17.2 Dispersion and Spectra

In the previous chapter we briefly mentioned that white light, after passing through a prism, spreads out into a spectrum of colors. This is illustrated in Figure 17.1. Where do these colors come from?

Figure 17.1 White light, after passing through a prism, spreads out into a spectrum of colors.

A prism changes the direction of light as shown in Figure 17.2. Light enters the prism going from air to glass so it is bent toward the normal at this first surface. It travels through the glass and then goes from glass to air. At that second surface it is bent away from the normal. Since the two surfaces are not parallel, the final direction of the exiting light is different than the initial direction of the incoming light. The bending or refraction at each surface depends upon the angle of incidence there and the index of refraction of the glass.

Figure 17.2 The direction of light is changed by a prism.

Table 16.1 in the previous chapter lists the index of refraction for several materials. However, if we look more closely, we find that there is a variation in the index of refraction for light of different wavelengths or different colors. Table 17.1 lists the index of refraction for a few kinds of glass for different wavelengths or colors. While the variation is not great, this means that different colors of light, or light with different wavelengths, will be bent different amounts. The index of refraction decreases as the wavelength increases. The index of refraction is less for blue light than for violet light. It is still less for green and for yellow and for orange. The index of refraction is least for red. That means violet light will be bent the most and red light will be bent the least as shown in Figure 17.3.

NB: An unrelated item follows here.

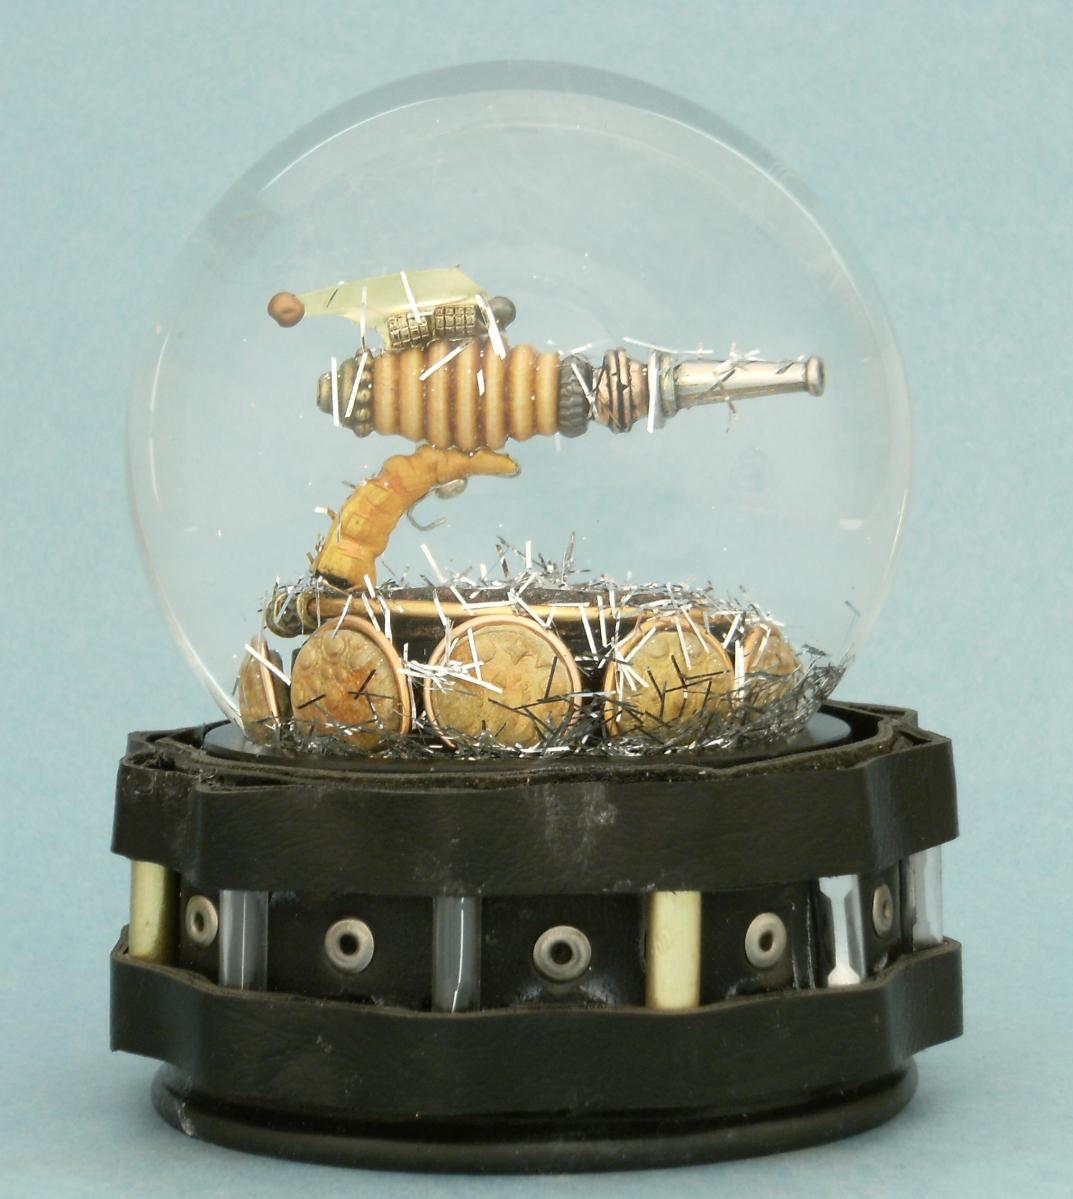 Ray Gun Globe, Camryn Forrest Designs 2012
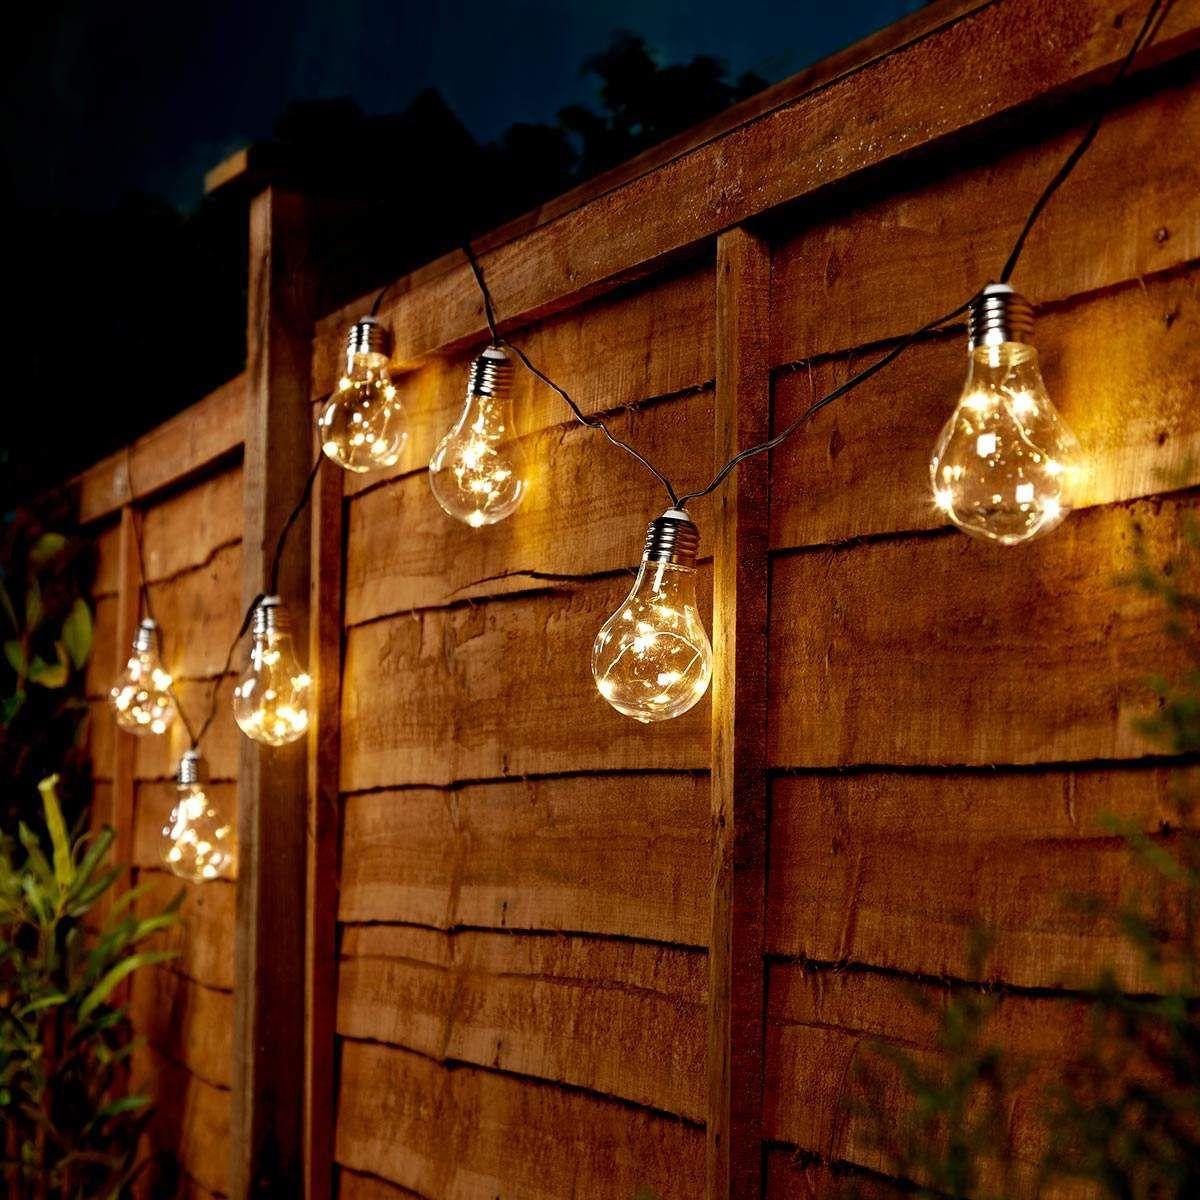 New 10 Solar Led Bulb String Lights Outdoor Hanging Fairy Bright White Garden

Figure 17.3 Light of different wavelength is bent a different amount. This causes a spectrum.

This spreading of the light into various colors is called a spectrum. The variation of index of refraction (or speed of light) with wavelength is called dispersion. Multiple internal reflections inside a piece of glass, such as a crystal or a pretty goblet or candle holder, allow the differences in angle between the red and violet ends of the spectrum to compound so the exiting spectrum will be spread out even more. This means that as you see little parts of the spectrum coming through one facet, you will see light of a single color. A jeweler may describe these bright, colored lights as "fire" because it is pretty. Diamonds, with their larger index of refraction will have more internal reflections. Diamonds also have a very great dispersion. These two characteristics, and the way a diamond is cut, combine to increase this effect and give a diamond great "fire" and beauty.

Figure 17.B Multiple internal reflections increase the angular spread of a spectrum and give cut glass, cubic zirconia, and diamonds their "fire" and beauty.

Q: Why are gems, such as diamonds, cut in particular shapes to increase the number of internal reflections?

A: When light first goes from air into the gem, the angles of refraction for different colors of light are different. At each internal reflection, these differences are increased. Therefore, light that has gone through several internal reflections will have its spectrum spread out through much greater angles. This causes more sparkle or "fire" in the light that comes out.

Q: We have seen that a prism produces a spectrum. White light passing through a cylindrical column of water (or glass) will also produce a spectrum. Explain how or why.

A: A spectrum of colors is produced because the bending of light of different colors (or wavelengths) is slightly different. Light is bent as it passes through a cylindrical column of water but red light will be bent a different amount than violent light.